|Year : 2018 | Volume
| Issue : 1 | Page : 68-71
Massive blood transfusion: A case report of transfusion of 70 units of blood and blood products in 24 hours
Kompal Jain, Sunoor Jain, Nishant Sood, Arun Puri
Department of Anaesthesiology and Pain Management, Max Super Speciality Hospital, New Delhi, India
|Date of Web Publication||5-Apr-2018|
Dr. Kompal Jain
Department of Anaesthesiology and Pain Management, Max Super Speciality Hospital, New Delhi
Source of Support: None, Conflict of Interest: None
The mortality of massive blood transfusion is very high ranging from 34% - 40% . Only 60 % of patients receiving more than ten packed red blood cells units within the first 24 hours have survived.

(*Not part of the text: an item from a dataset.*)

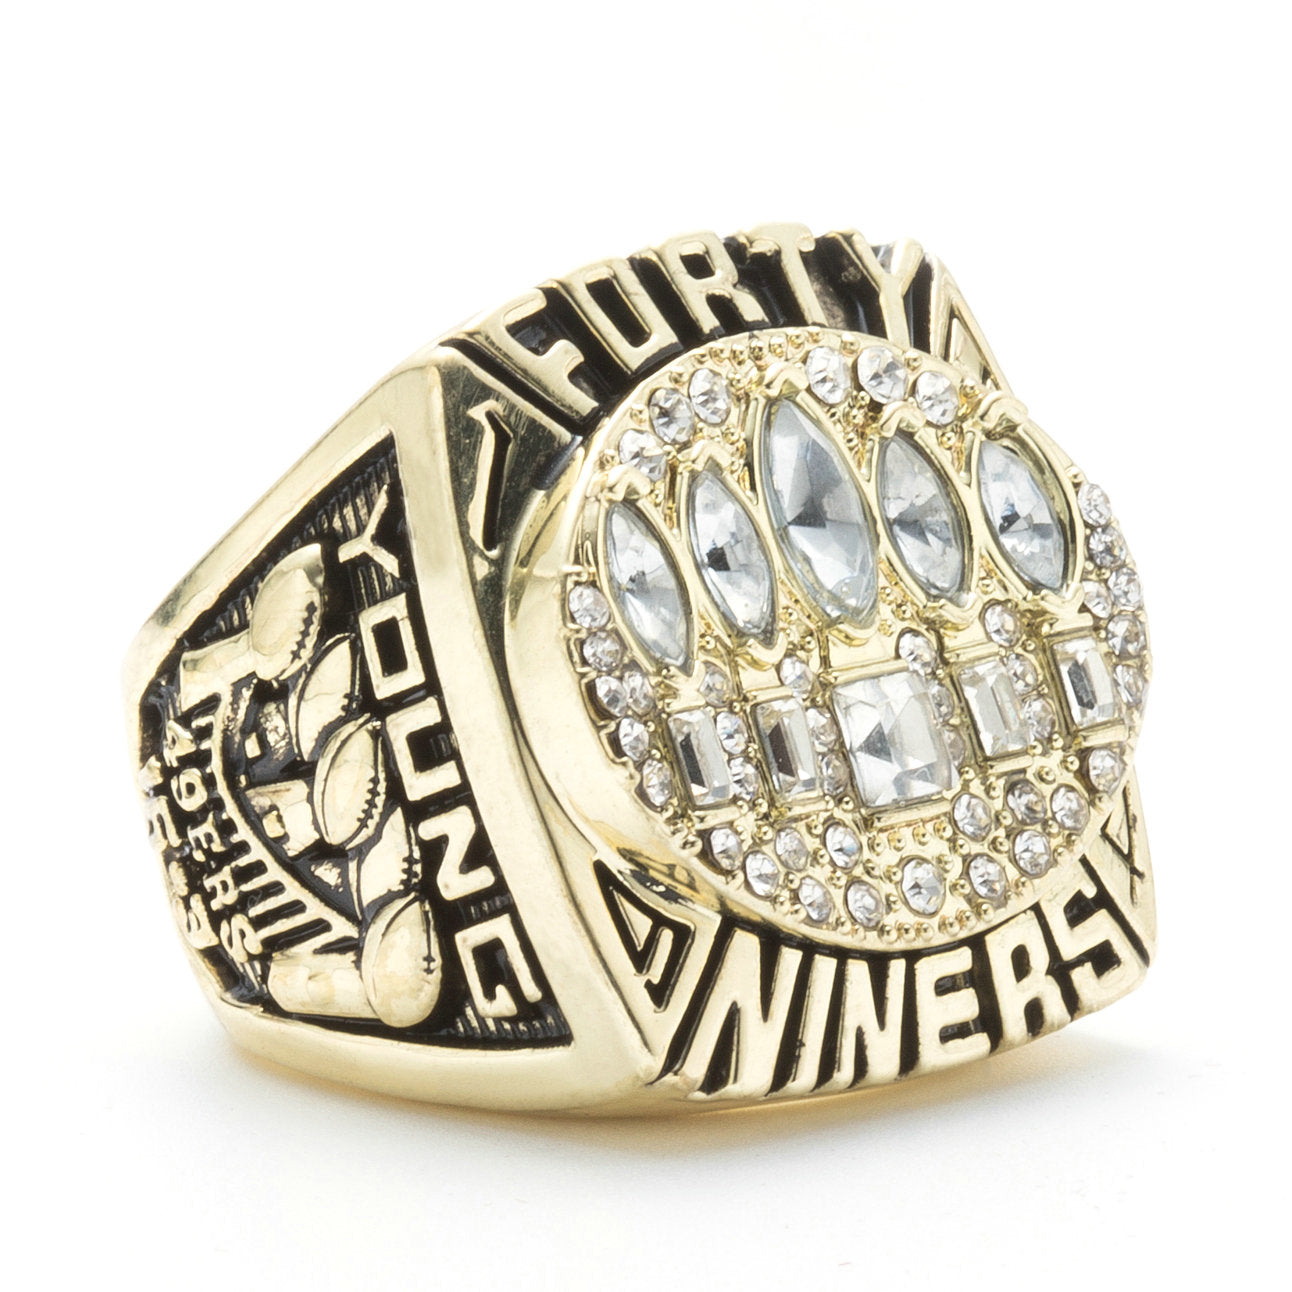 49ers super bowl replica rings for sale

We share our experience with massive blood transfusion in which seventy units of blood and blood products were transfused in 24 hours following massive transfusion protocol. To conclude each institute should have massive transfusion protocol to improve the clinical outcome of the patient. Anaesthetist should be aware about local resources and should ensure early communication with laboratory, haematologist and blood bank. In view of cost, increased demand, urgency, availability and risk of infections, blood substitutes are of great concern specially in developing countries. This case study also emphasizes on future research to make blood substitute with more similarities and minimum complication to replace donated blood.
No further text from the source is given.